Troubleshooting Cassandra File System
Cassandra File System (CFS) is a HDFS-compatible file system implemented on top of Cassandra. CFS is fully distributed and has no SPOF. It is included in DataStax Enterprise distribution and is ready to use out-of-the box with analytic nodes. In this blog post I describe some rare problems that you may occasionally hit when using CFS - what are their causes, how to detect them and finally how to fix and prevent them. I also describe two useful tools: dsetool repaircfs
and dsetool checkcfs
.
Orphan Blocks
CFS is comprised of two tables - inode and sblocks. The inode table stores file and directory metadata such as file names, permissions and data block locations. The sblocks table stores the actual data blocks, a 2 MB large subblock per cell and a single block per partition. For more details on CFS architecture, refer to this blog post.
When you open a new file in CFS for write, you obtain a Java OutputStream object. The data you write to the stream are saved into sblocks table. After writing the data you are supposed to close the stream, which writes the inode entry for the file. Closing the stream makes the file visible in the filesystem.
But what happens if you do not close the stream? In this case your data blocks are left unreferenced in the sblocks table, but the inode has never been written. Those data blocks are orphan blocks. A part of the file was stored and it takes up space, but you won't see the file name in the dse hadoop fs -ls
listing. Therefore you cannot delete the file.
To remove orphan blocks, use dsetool repaircfs
command. This program scans the sblocks table and deletes the data blocks not referenced from the inode table. Unfortunately there is no way to distinguish an orphan block from a block of a file currently being written. Therefore, never use this tool when someone is writing data to CFS, e.g. there are active Hadoop M/R jobs. This tool will delete data of any files currently being written. After cleaning up orphan blocks, you won't see a drop in storage space usage, until the compaction kicks in.
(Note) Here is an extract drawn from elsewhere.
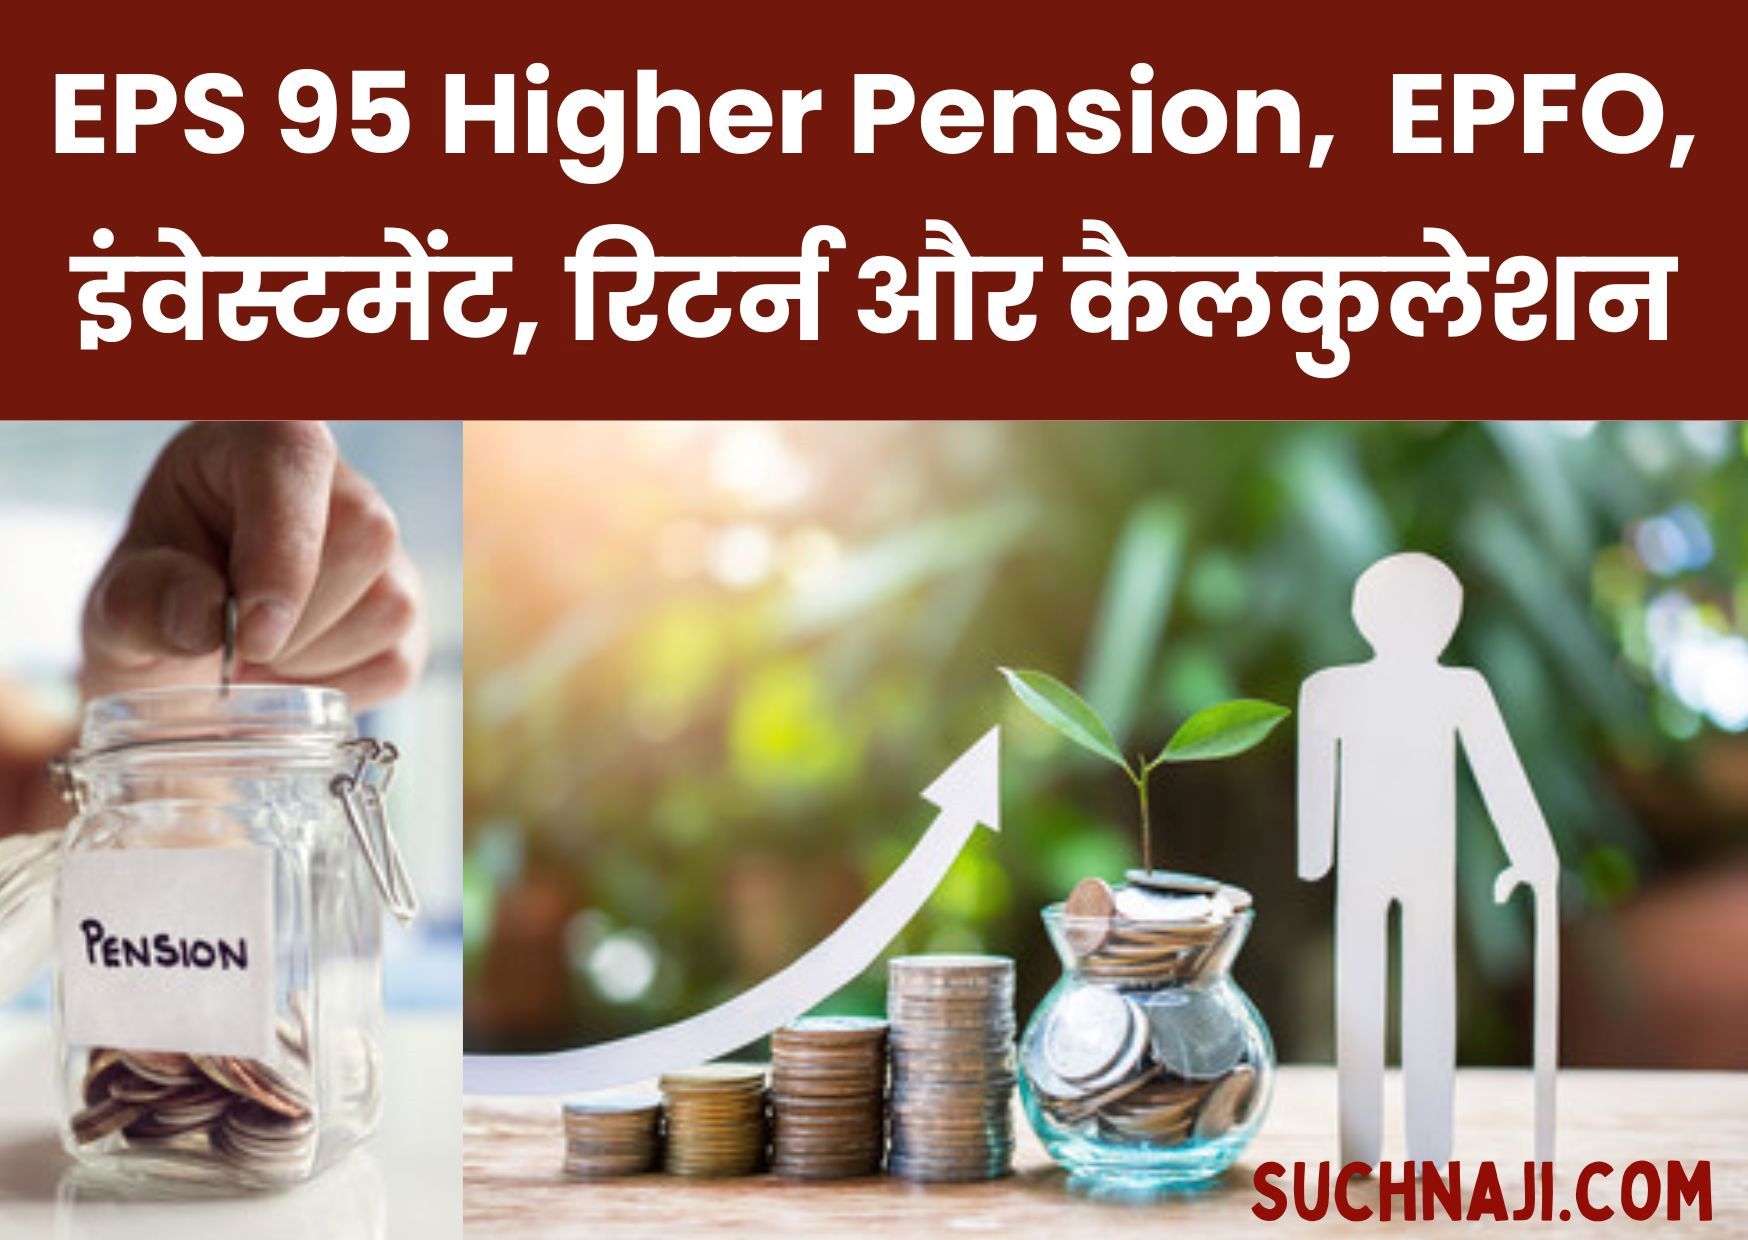 EPS 95 Higher Pension: EPFO, 38 हजार पेंशन, इंवेस्टमेंट, रिटर्न और कैलकुलेशन पर बड़ा दावा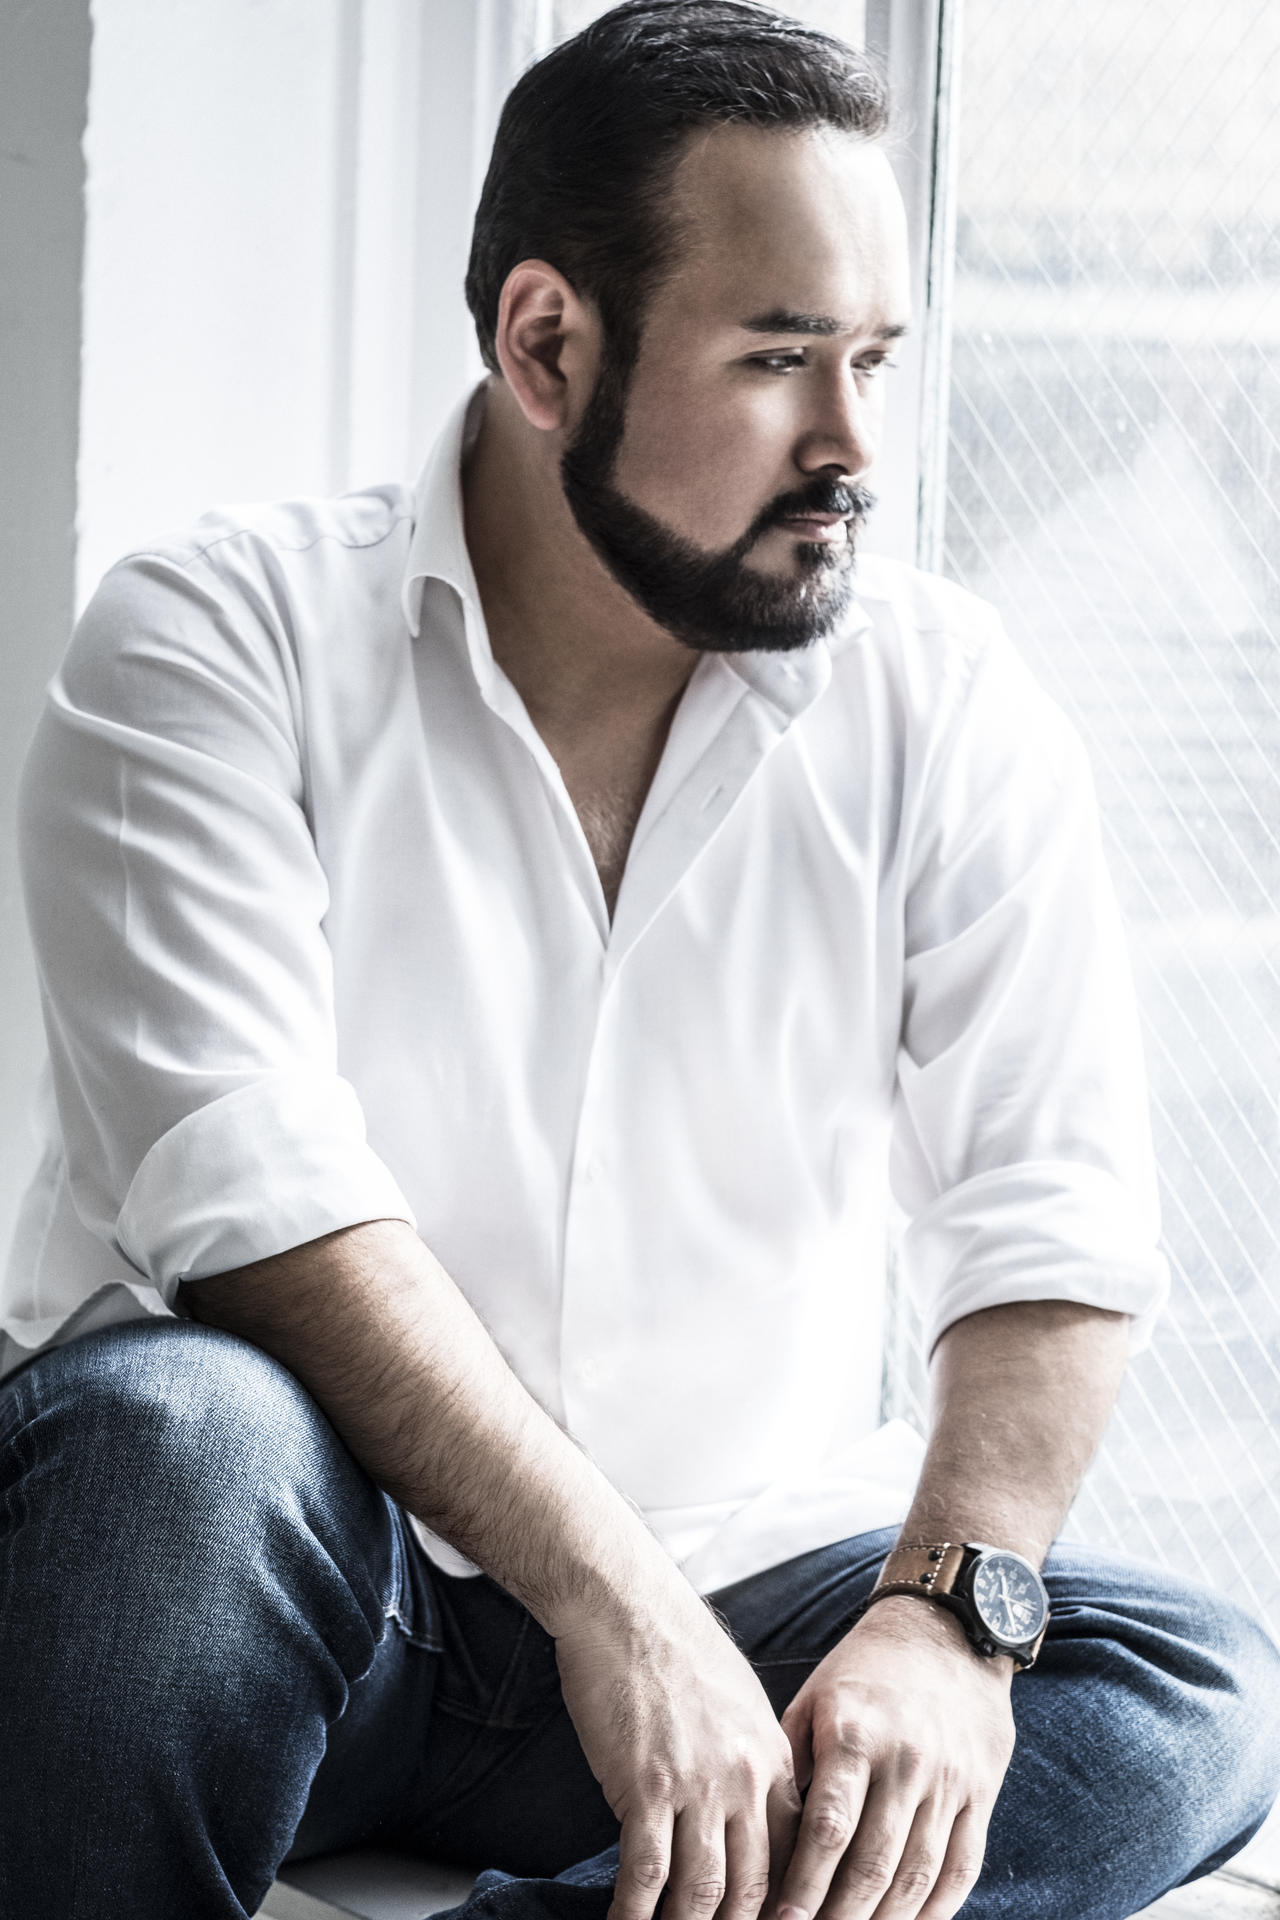 El último tramo de 2021 será de intenso trabajo para el reconocido tenor mexicano Javier Camarena. Su agenda de cierre contempla presentaciones internacionales al lado de importantes músicos.

Lost Blocks or Other Inconsistencies
Lost Blocks problem is a reverse problem to the Orphan Blocks problem. In this case, there exists an inode of the file, but one or more data blocks referenced from it cannot be read. This situation may be caused by setting insufficient Consistency Level for writes into CFS or by corruption of CFS data files.
In DSE 3.1.4 we introduce a new tool for diagnosing CFS inconsistencies: dsetool checkcfs
. This tool has two modes of operation: recursive checking directories and checking single files. When invoked with a cfs directory, it scans its contents and outputs a list of corrupted files if any:
$ dsetool checkcfs cfs:/// Path: cfs://10.144.82.229/ INode header: File type: DIRECTORY User: automaton Group: automaton Permissions: rwxrwxrwx (777) Block size: 67108864 Compressed: true First save: true Modification time: Tue Sep 10 15:49:19 UTC 2013 Directory contents: 10 files in 4 subdirectories. Corrupted files detected: /w8.xml /w4.xml /w6.xml /w7.xml Invoke dsetool checkcfs to see more details.
Then you can invoke checkcfs once again, this time giving the corrupted file as an argument. In this case it will print the metadata of the file and details about the problem:
$ dsetool checkcfs cfs:///w8.xml Path: cfs://10.144.82.229/w8.xml INode header: File type: FILE User: automaton Group: automaton Permissions: rwxrwxrwx (777) Block size: 67108864 Compressed: true First save: true Modification time: Tue Sep 10 16:12:10 UTC 2013 INode: Block count: 1 Blocks: subblocks length start end (B) b1c5ee80-1a33-11e3-0000-73bcfc83d7ff: 1 2097152 0 2097152 b1c63ca0-1a33-11e3-0000-73bcfc83d7ff: 2097152 0 2097152 Block locations: b1c5ee80-1a33-11e3-0000-73bcfc83d7ff: [ip-10-152-188-108.ec2.internal] Data: Error: Failed to read subblock: b1c63ca0-1a33-11e3-0000-73bcfc83d7ff (cause: java.lang.RuntimeException: Remote CFS sblock not found: b1c5ee80-1a33-11e3-0000-73bcfc83d7ff:b1c63ca0-1a33-11e3-0000-73bcfc83d7ff)
If the missing blocks are present on at least one replica, then running nodetool repair cfs
should fix it. Otherwise, the file is corrupted permanently and you'll have to delete it and save it to CFS once again. To avoid problems of this kind, we recommend using Replication Factor of at least 3 and Consistency Level at least CL.QUORUM.
The checkcfs tool is also able to detect other kinds of inconsistencies, like internal inconsistencies or lost entries in the inode table, but they should not happen under normal DSE operation. If you ever encounter them, please report them, because they are very likely an effect of a bug.